No-one has the loving intention for your child that you do. No expert will have the compassion and knowledge and experience to match yours. So use their expertise and build your expert point of view – then trust it, and be open to new information, adjustment and change.
As you build your team of advisers and consultants, think economically, is there a government funded expert to replace my highly paid private expert? These children require assistance for many years. The total therapy cost will be very high. There are fantastic people (speech therapists, paediatricians, psychologists, audiologists) that are available free of charge (in Australia). Sift through and find them if you can. I have found these people willing and caring available for school meetings. If as a parent, you are informed and confident, then this system will work well.
So back to school meetings. Only bring your partner if they are helpful and think along the same lines as you, otherwise they will just slow things down and you only have limited time in these meetings. Be clear about what you want to bring up and if possible advise those attending the meeting of your agenda at least 1 week prior to the meeting. That way you will definitely be heard.
If you are faced with a school that is heavily punitive in its approach, (by that I mean they use strong punishment as a favoured way to control behaviour) then make sure your team includes experts in behaviour management to bring in another point of view. Let them do the hard work for you and tell the school how it needs to be done, and then you can be there to back them up.
The experts will need to point out the underlying needs that relate to your child that are highlighted by the behaviour and suggest how they can be best addressed to keep your child’s self esteem in tact and make school a positive experience. Strong punishments are generally a last resort appropriate only for extreme behaviour, and even then, unless the underlying causes are addressed, the behaviour will continue or your child will withdraw and possibly become depressed.

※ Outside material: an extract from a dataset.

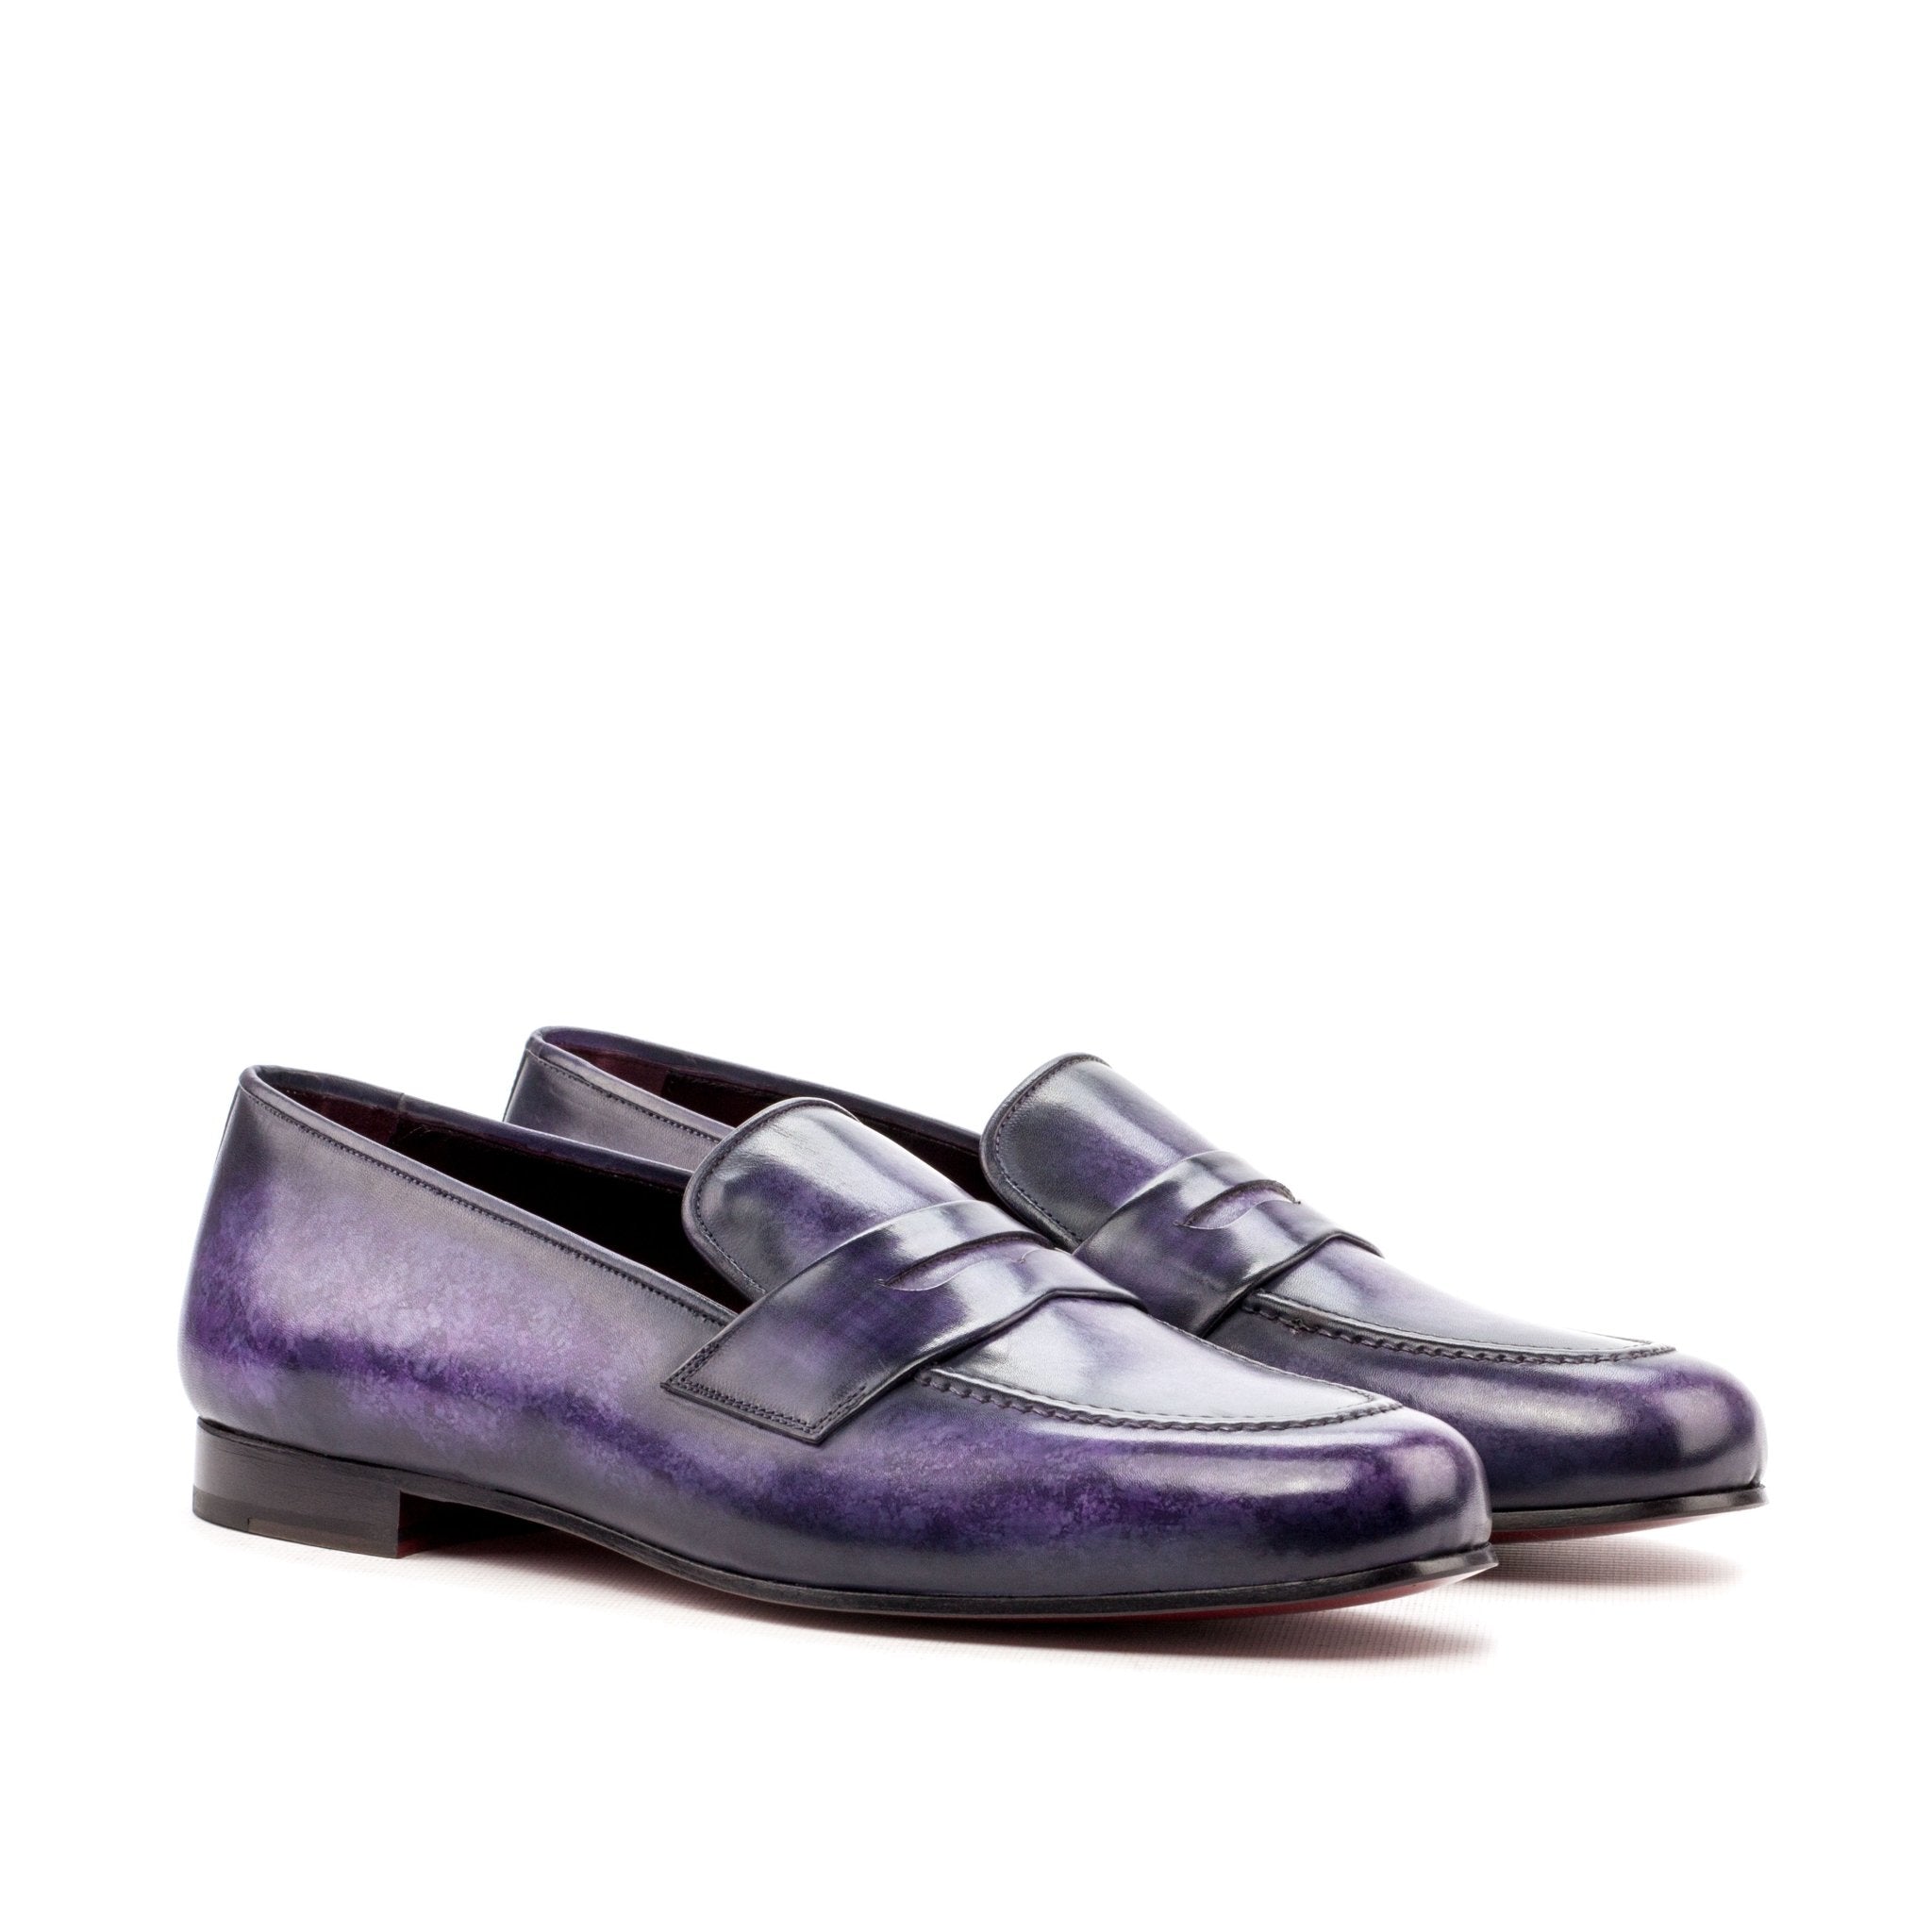 Men's Purple Patina Smoking Slippers with Red Bottom - Maison Kingsley Couture Spain

If your child has aide funding, ensure that you are kept informed of how the budget is being spent. Often schools will divert funding where it is needed, even though this is illegal, they are just doing what they can to survive on tight budgets. Nevertheless it becomes your responsibility to ensure that the resources are being spent on your child and this may require some insistence.
Insist that you are kept informed at all stages of the year as things can deteriorate quickly and your child could be left unsupported. Make sure you haev a school meeting at least once a term.
Children with diagnoses of emotional problems, personality disorders, ADD, ADHD and Aspergers Syndrome mostly do not qualify for additional assistance in Australia. This means that schools are flooded with children that need additional support and are not funded for them. So where does the funding come from? The school (understandably) will take it from wherever they can, so be vigilant about your child’s budget.
Even if you are at a good school – stay vigilant and informed and retain authority. Remember – you are his/her spokesperson and protective, nurturing carer. He/she really needs you.